WASHINGTON — The Internal Revenue Service is considering whether to no longer accept walk-in customers seeking help or to make payments, the nation’s taxpayer advocate told Congress Friday.
“The IRS is conducting a pilot under which it will not even accept tax payments from walk-in taxpayers,” the agency’s National Taxpayer Advocate Nina Olson told a House panel on government operations Friday.
“Is that not insane?” asked Rep. Mark Meadows, R-North Carolina, who chairs the subcommittee of the House Oversight and Government Reform Committee that heard Olson’s annual report.
Olson’s report comes just days before federal income taxes are due on April 18.

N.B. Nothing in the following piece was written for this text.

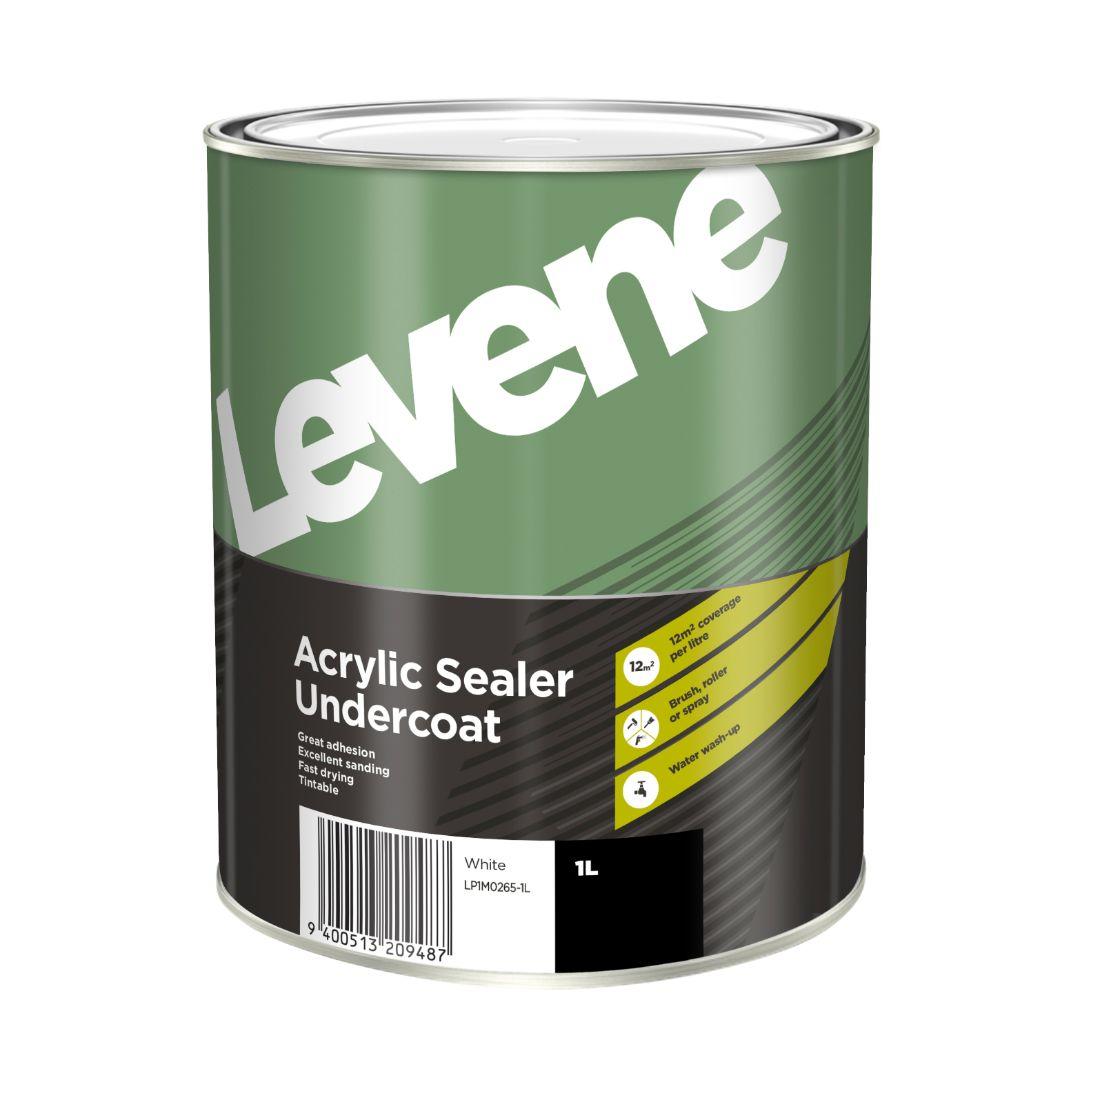 Acrylic Sealer Undercoat 1L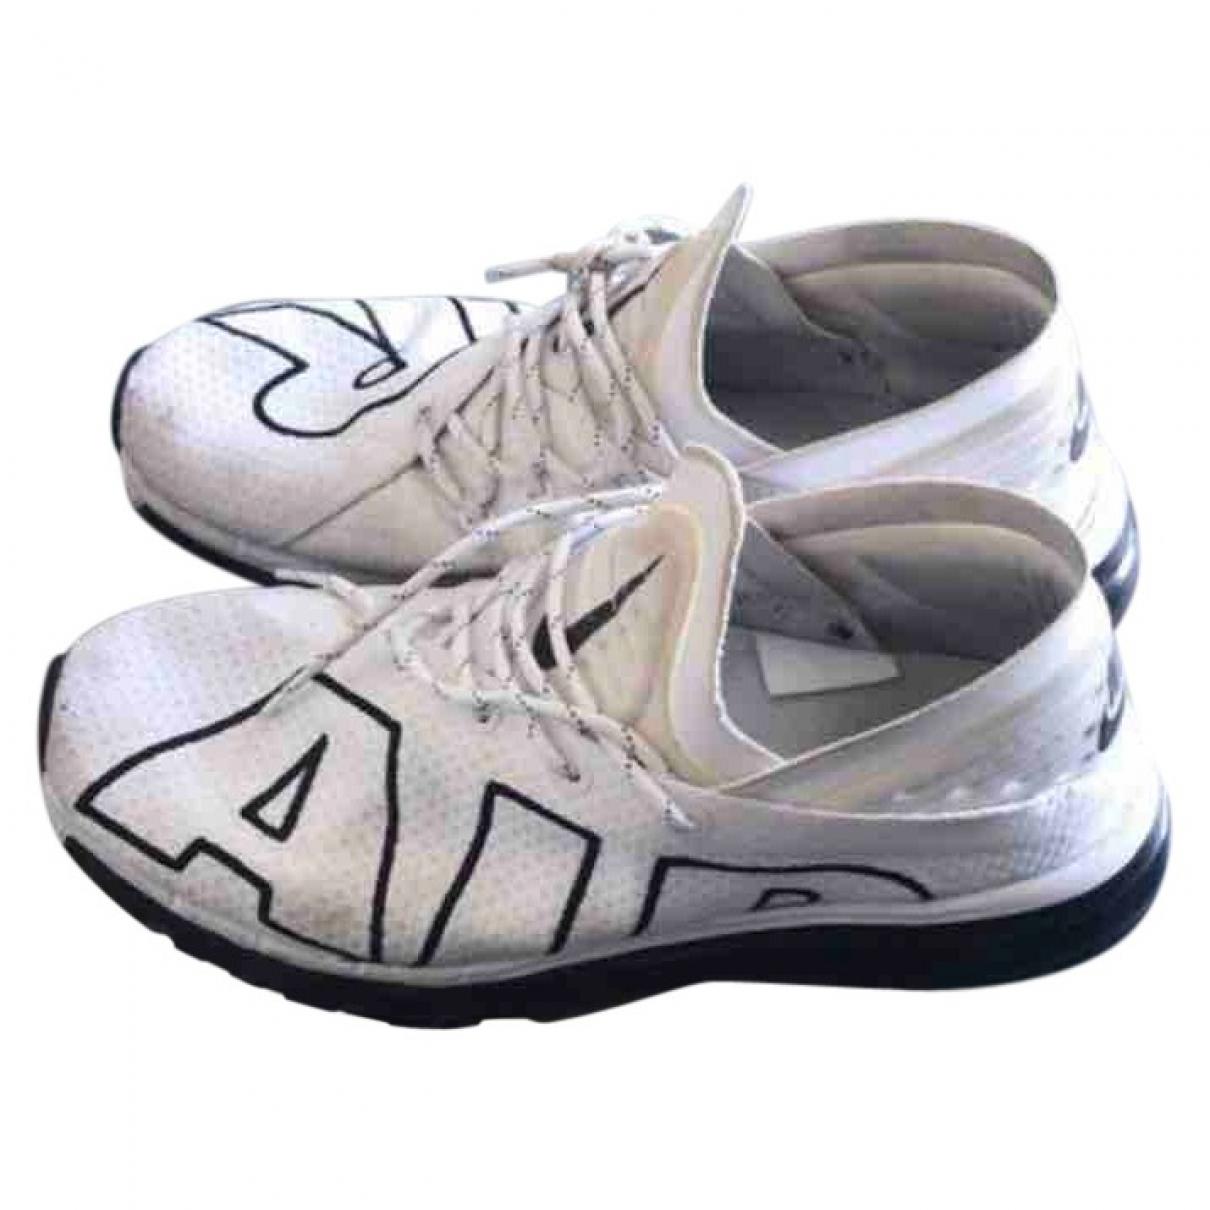 Nike Air Max  White Cloth Trainers for Men 43 EU

“You have a willing taxpayer, willing to give some of their hard-earned dollars to the IRS, and show up. And they’re saying ‘we can’t take the payment because you don’t have an appointment.’ Is that correct?” asked Meadows
“That’s correct,” replied Olson.
Olson says Congress hasn’t adequately funded the IRS while saddling it with two new major jobs: administering the Affordable Care Act and cracking down on fraudulent Earned Income Tax Credit payments.
The IRS says it costs about $60 for every in-person taxpayer encounter. But Olson told lawmakers that the IRS must consider the consequences of cost-cutting moves like no longer allowing walk-ins.
“You may have spent $60, but you might have brought in $5,000 by serving that taxpayer in that walk-in site.”
And she says a trend of non-service could easily snowball within the IRS.
“The IRS will use the data of declining usages to justify further reductions in in-person service.”
Olson also blames declining customer service quality on what she calls misplaced priorities: more effort going after the tax cheats than helping honest taxpayers.
“Rather than designing tax administration around the small minority of taxpayers who are deliberately evading payment of tax, we should design our rules and procedures to make it easier and clearer for the willing taxpayers to comply.”